Indian politician, academic and artist

Surabhi Vani Devi (born 1 April 1952) is an Indian politician, academic and artist. She is the daughter of P. V. Narasimha Rao, former Prime Minister of India. She was elected as MLC in Telangana Legislative Council election from Mahbubnagar–Rangareddy–Hyderabad Graduates constituency in March 2021.

== Early life ==
Vani Devi was born to former Prime Minister of India, P. V. Narasimha Rao on 1 April 1952 in Vangara village of then Karimnagar district in Telangana, India. She did her schooling from HSC from Govt.
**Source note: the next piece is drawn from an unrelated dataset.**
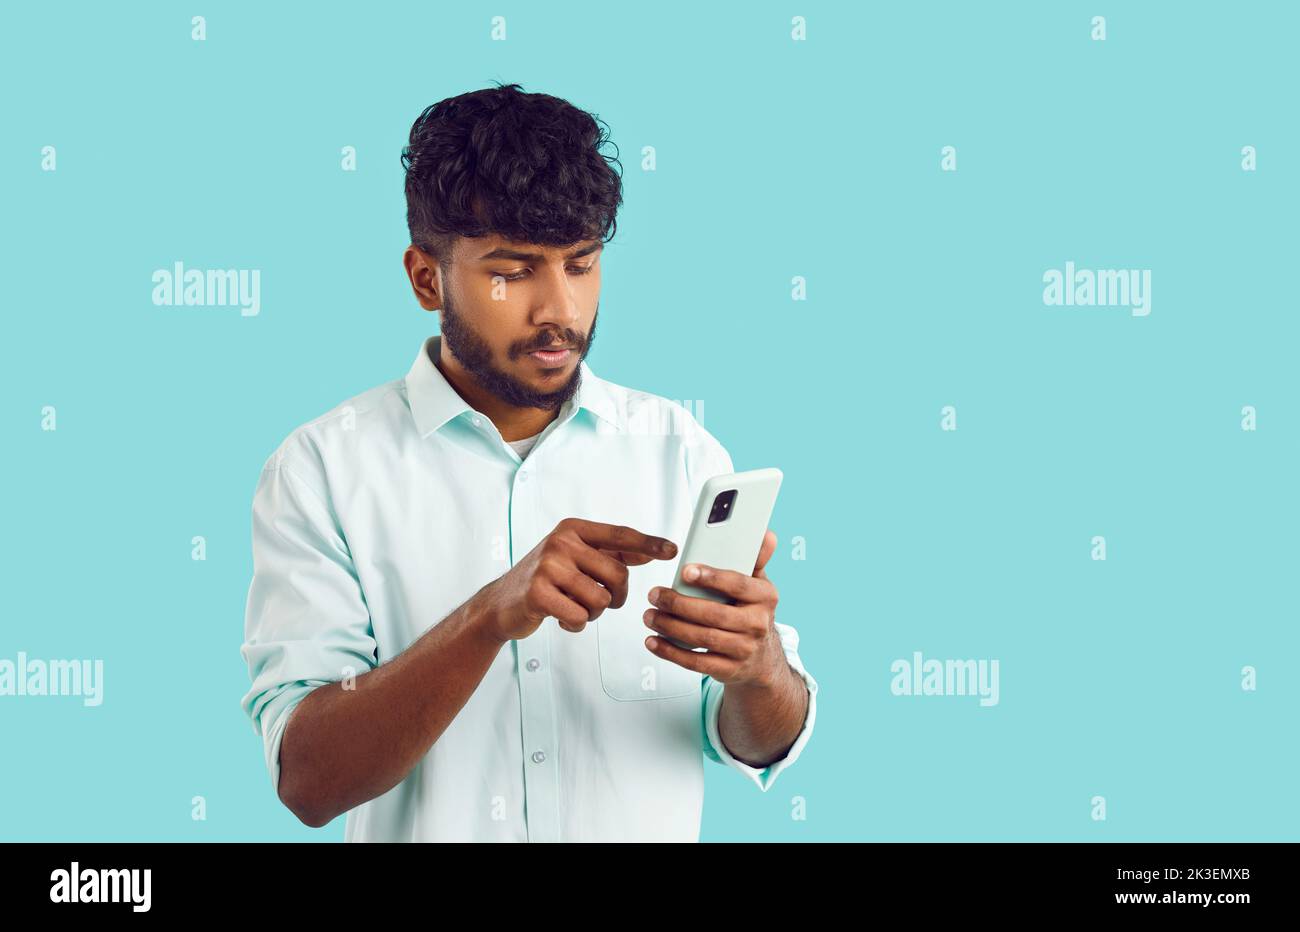 Young focused Indian man holding mobile phone reading latest news stands on turquoise background Stock Photo

Girls High School, Hyderguda, B.A. from Osmania University and Diploma in Fine Arts from JNTU. She served as a lecturer in JNTU between 1990 and 1995.

== Academic activities ==
Vani Devi is an artist, educationist, social activist past 35 years, founder-principal of the Sri Venkateshwara Group of Institutions. She established Surabhi Educational Society, Sri Venkateshwara College of Fine Arts In the year 1991.

== As an artist ==
She is an artist, her favorite subject is Nature and medium is Water Colors and Acrylics. She has held more than 15 solo exhibitions, several group shows, seminars, talks in India and abroad since 1973.

== Awards ==
1. Awarded International Women’s Achievement Award by Telangana State Government in 2016.
2. Awarded Pratibha Puraskar award by Potti Sreeramulu Telugu University.